The turnaround at Ford was no less dramatic. In 2008, the company was losing more than $80 million a day when the bottom fell out of the global car market. At the end of the year, Ford’s stock price hit a nadir of $1.01. By 2011, however, the script had changed markedly. That year, the company earned a net profit of $20 billion on sales of $128 billion. It distributed profit-sharing payments of about $6,200 to each of its 41,600 employees. In early 2012, analysts targeted a $16 stock price for the company. It was a remarkable comeback, made more so by the fact that Ford was the only one of the Big Three not bailed out by taxpayer money.
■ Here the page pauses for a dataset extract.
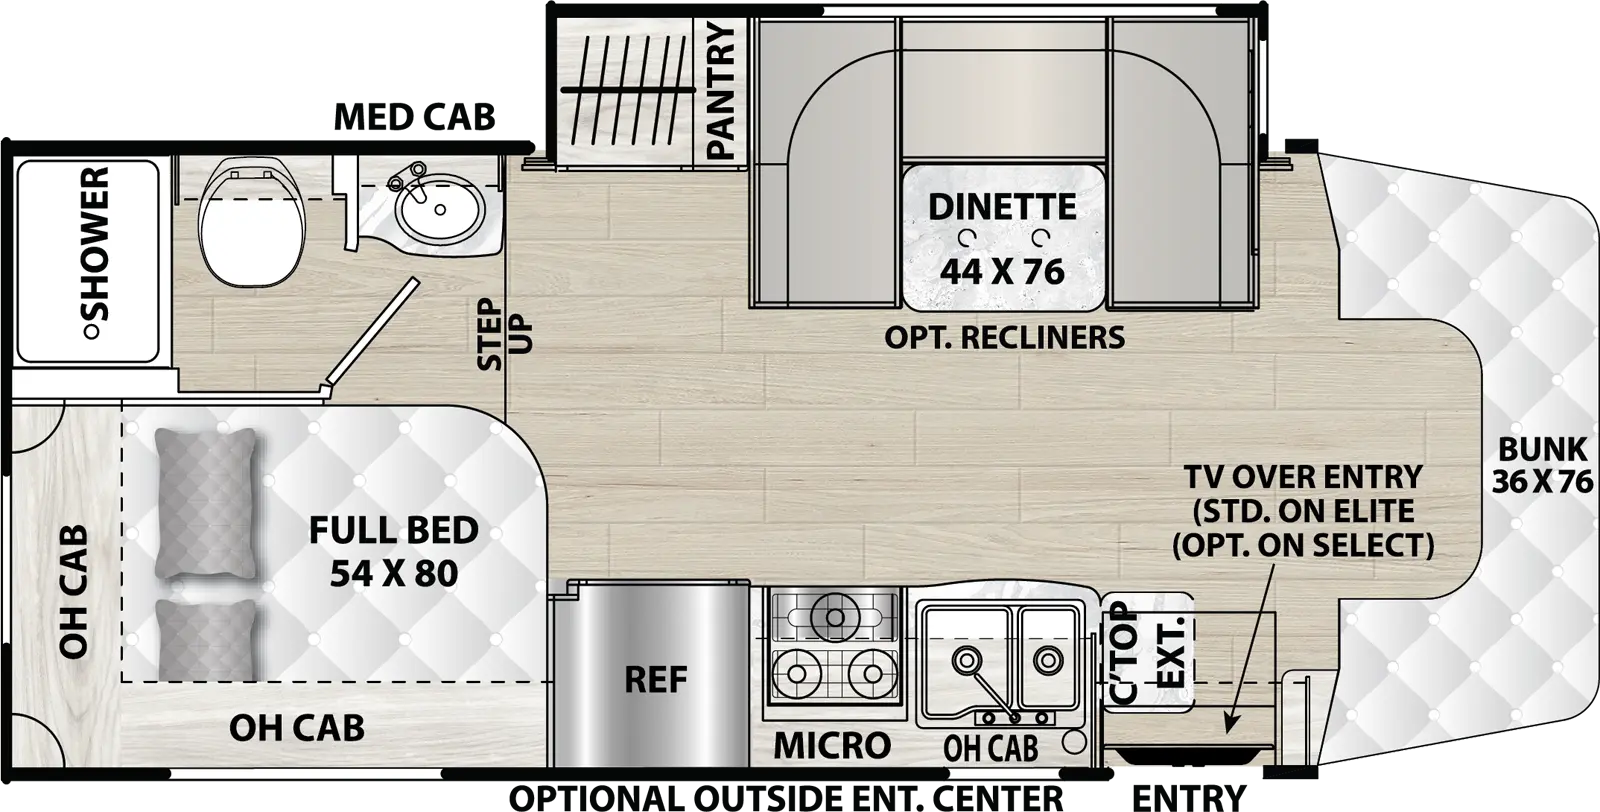 The Prism 24CBS has 1 slideout located on the off-door side and 1 entry door. Interior layout from front to back; front 36 inch by 76 inch bunk; door side kitchen with stovetop with microwave, overhead cabinets, double basin sink, refrigerator and counter extension; off-door  44 inch by 76 inch U-dinette, next to pantry; rear door side 54 inch by 80 inch foot facing full bed with overhead cabinets; rear off-door side bathroom with shower, sink, toilet and medicine cabinet. TV over entry is standard on Elite and Optional on select; Optional Exterior door side entertainment center; optional recliners in place of dinette.

Each of these turnarounds was led by a committed, clear-eyed chief executive—Howard Schultz at Starbucks and Alan Mulally at Ford. Both Schultz and Mulally worked hard to turn over every rock that covered a problem in their respective companies. Like physicians on the trail of an unknown illness, they did not flinch from what they discovered, but instead integrated this expanding knowledge into their vision for the company’s future and their roadmaps for change… As important, each leader kept the lines of communication open among his senior team, his rank-and-file employees, and other stakeholders. Schultz and Mulally each spent countless hours out in the field (and far from the corner office), pulling information from customers and employees throughout the organization. All this interaction also served to take the emotional pulse of those involved in the turnaround and to sustain collective motivation.

Organizational transformation almost always involves changing the existing culture.  At Ford, Mulally realized early on that he would have to break down the ego-driven and backbiting ethos among senior executives and replace this with greater transparency, accountability, and collaboration. To do this, he used every tool at his disposal—chance encounters with individuals, weekly business plan reviews, data-driven management, and carefully chosen language and gestures (For example, Mulally would say, “you have a problem” as he squeezed a senior manager’s arm. “You are not the problem.”) As trust and accountability increased among his senior team, so too, did collective efforts at fixing pressing problems.
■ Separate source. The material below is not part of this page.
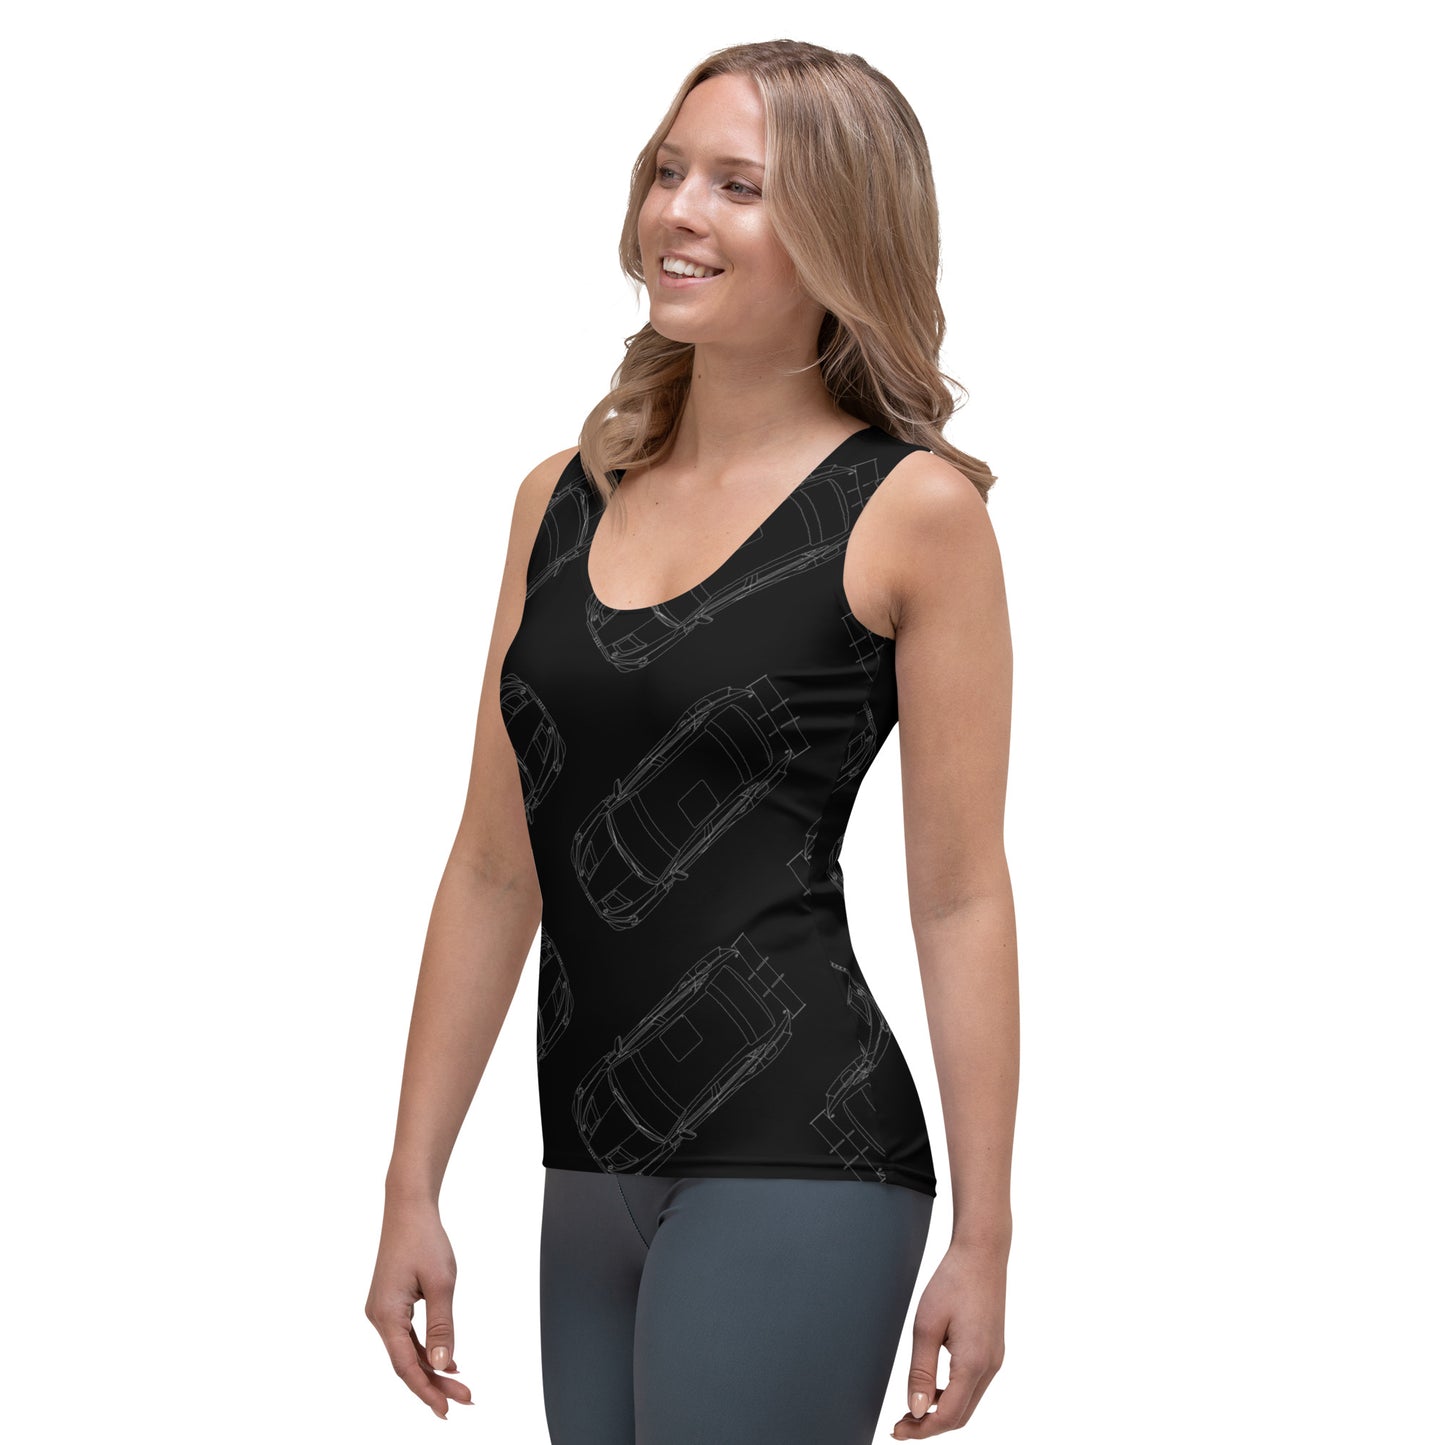 OnTheLine GRN | TCR gen2 Sublimation Tank Top

Organization renewal involves more than saving the enterprise; it also means simultaneously rebuilding the institution on a more sustainable, successful basis. To make Ford globally competitive, for example, Mulally realized he had to simplify the carmaker’s product line, portfolio of brands and organizational structure. He and his team also had to cut operating costs, improve production efficiency, and introduce a few game-changing products. And they had to do all this while staunching the cash bleed in the midst of the financial crisis of 2008.

Each of these leaders anchored their strategy in their organization’s core identity. Yes, each recognized, the need for change was urgent and undeniable. But each also realized that successful transformation could only unfold on the foundation of each company’s broader purpose and demonstrated strengths

Organizational transformation does not happen over-night, Mrs Kagina will be the first to tell you that. However, by committing to be better, know better and do better, desires come to pass. The buck starts with you as the team leader. What are you hoping your business will look like and become? Make the necessary changes you need to, commit to them – everyday. Let your tree flourish.